EXERCISE INSTRUCTIONS
Repeat the listing exactly. The images do not belong in the copy.

RECORDED DATA

-- -- --

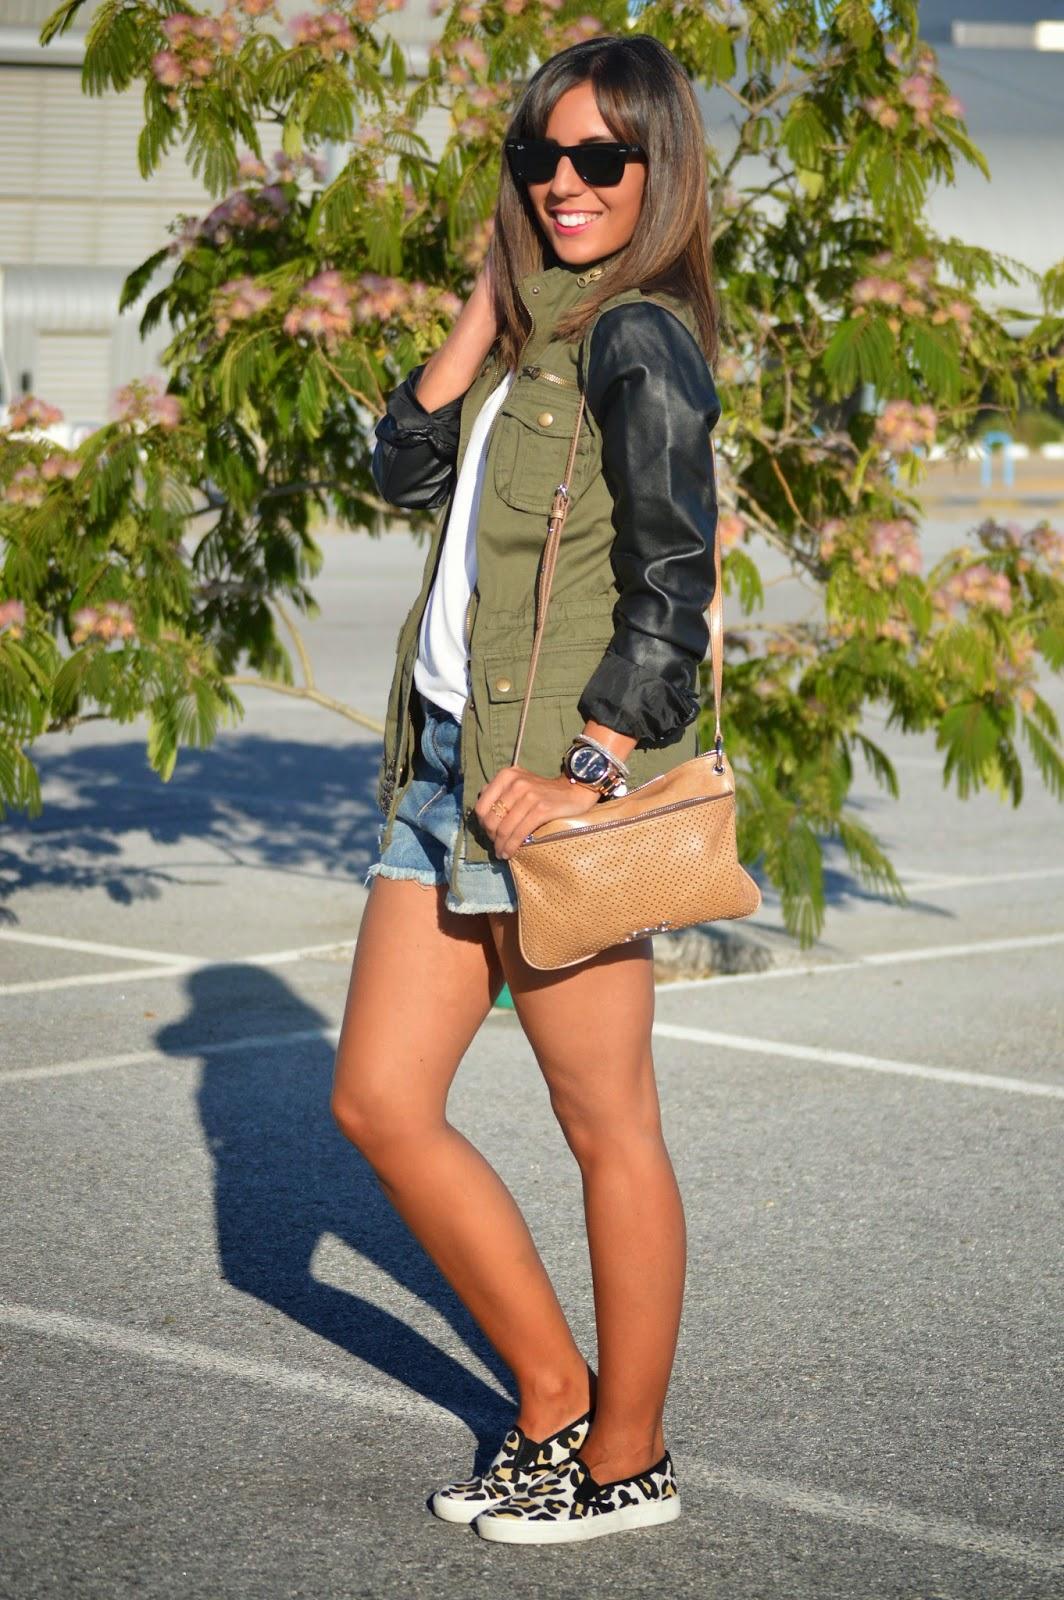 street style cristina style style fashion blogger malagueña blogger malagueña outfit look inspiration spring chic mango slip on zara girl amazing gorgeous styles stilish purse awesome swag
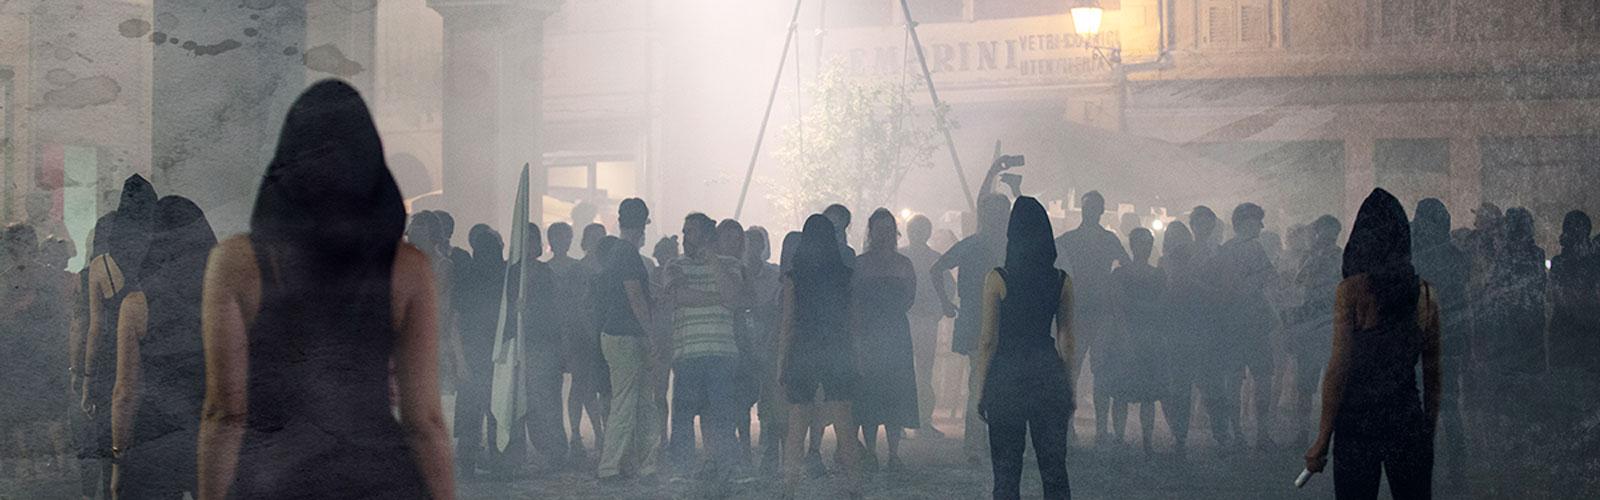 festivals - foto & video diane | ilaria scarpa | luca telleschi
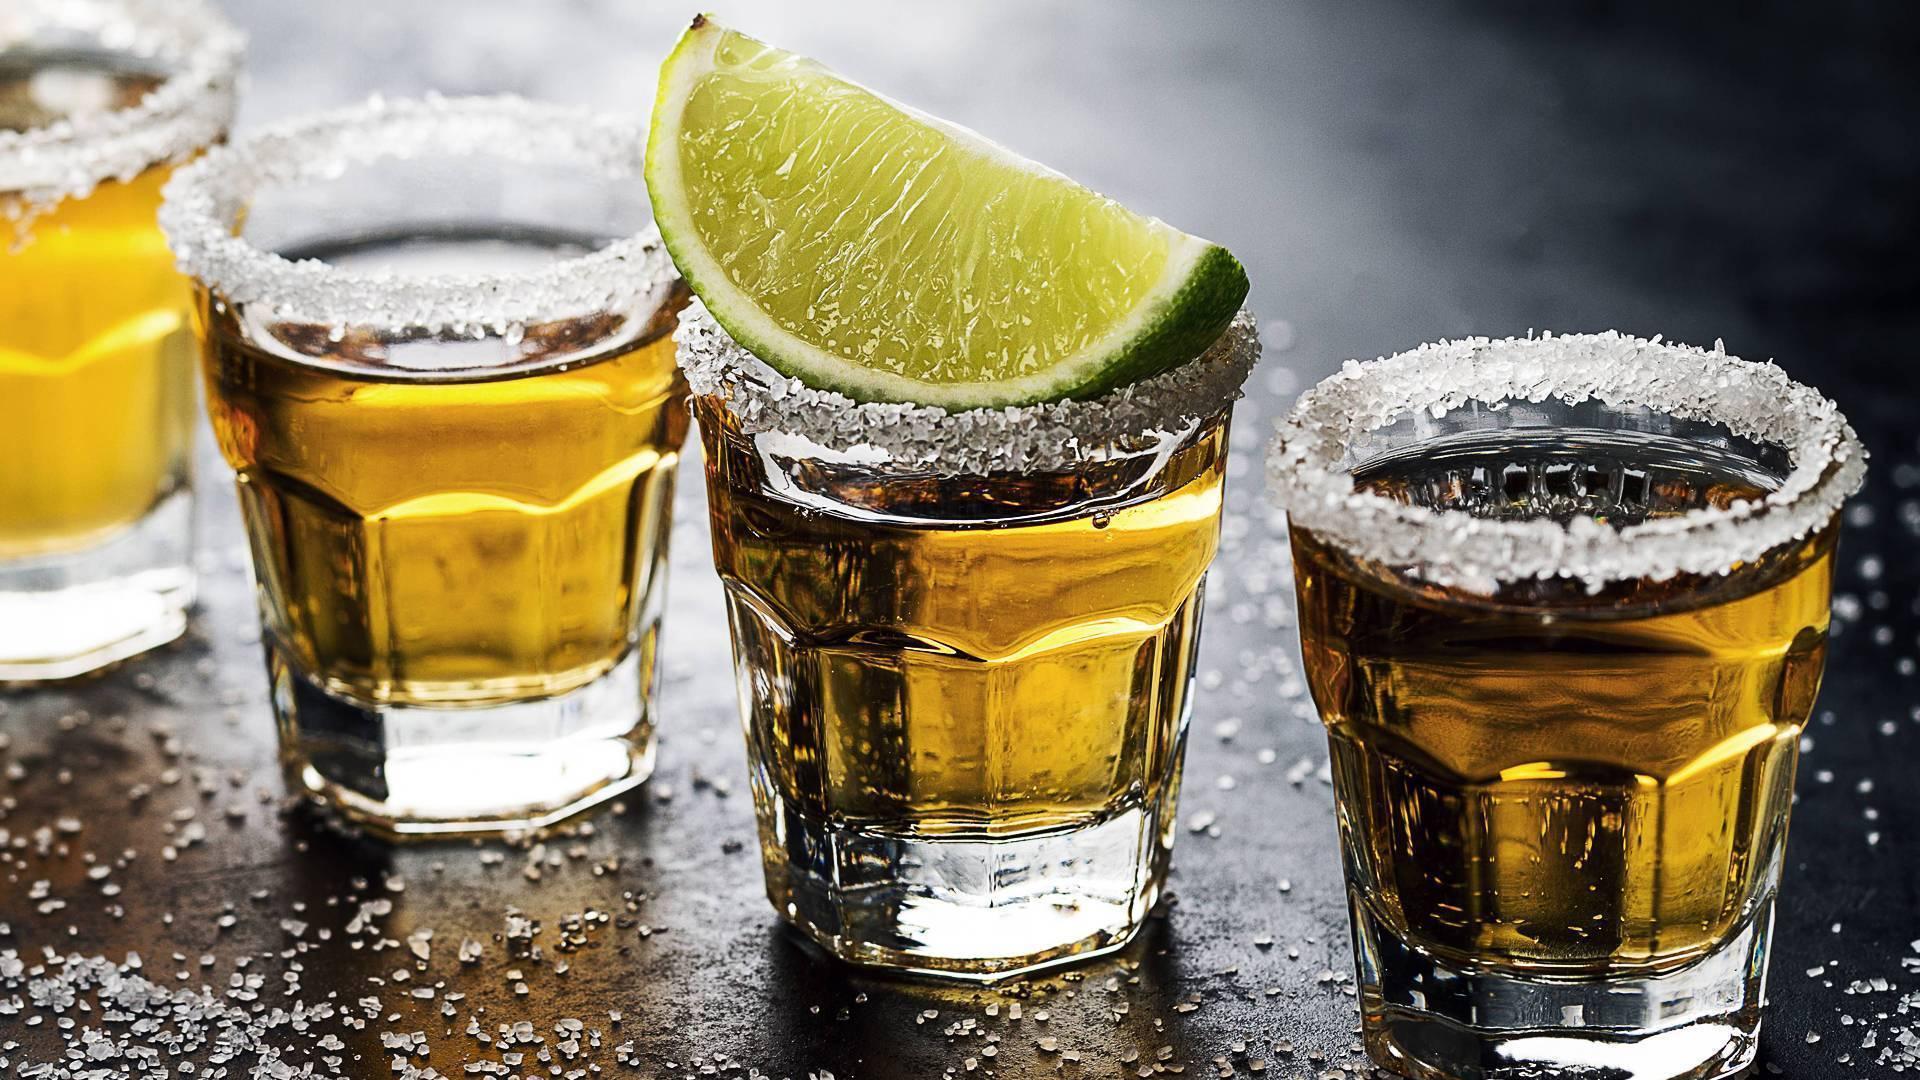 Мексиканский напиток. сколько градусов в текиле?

-- -- --

WRITTEN RESPONSE
 street style cristina style style fashion blogger malagueña blogger malagueña outfit look inspiration spring chic mango slip on zara girl amazing gorgeous styles stilish purse awesome swag
 festivals - foto & video diane | ilaria scarpa | luca telleschi
 Мексиканский напиток. сколько градусов в текиле?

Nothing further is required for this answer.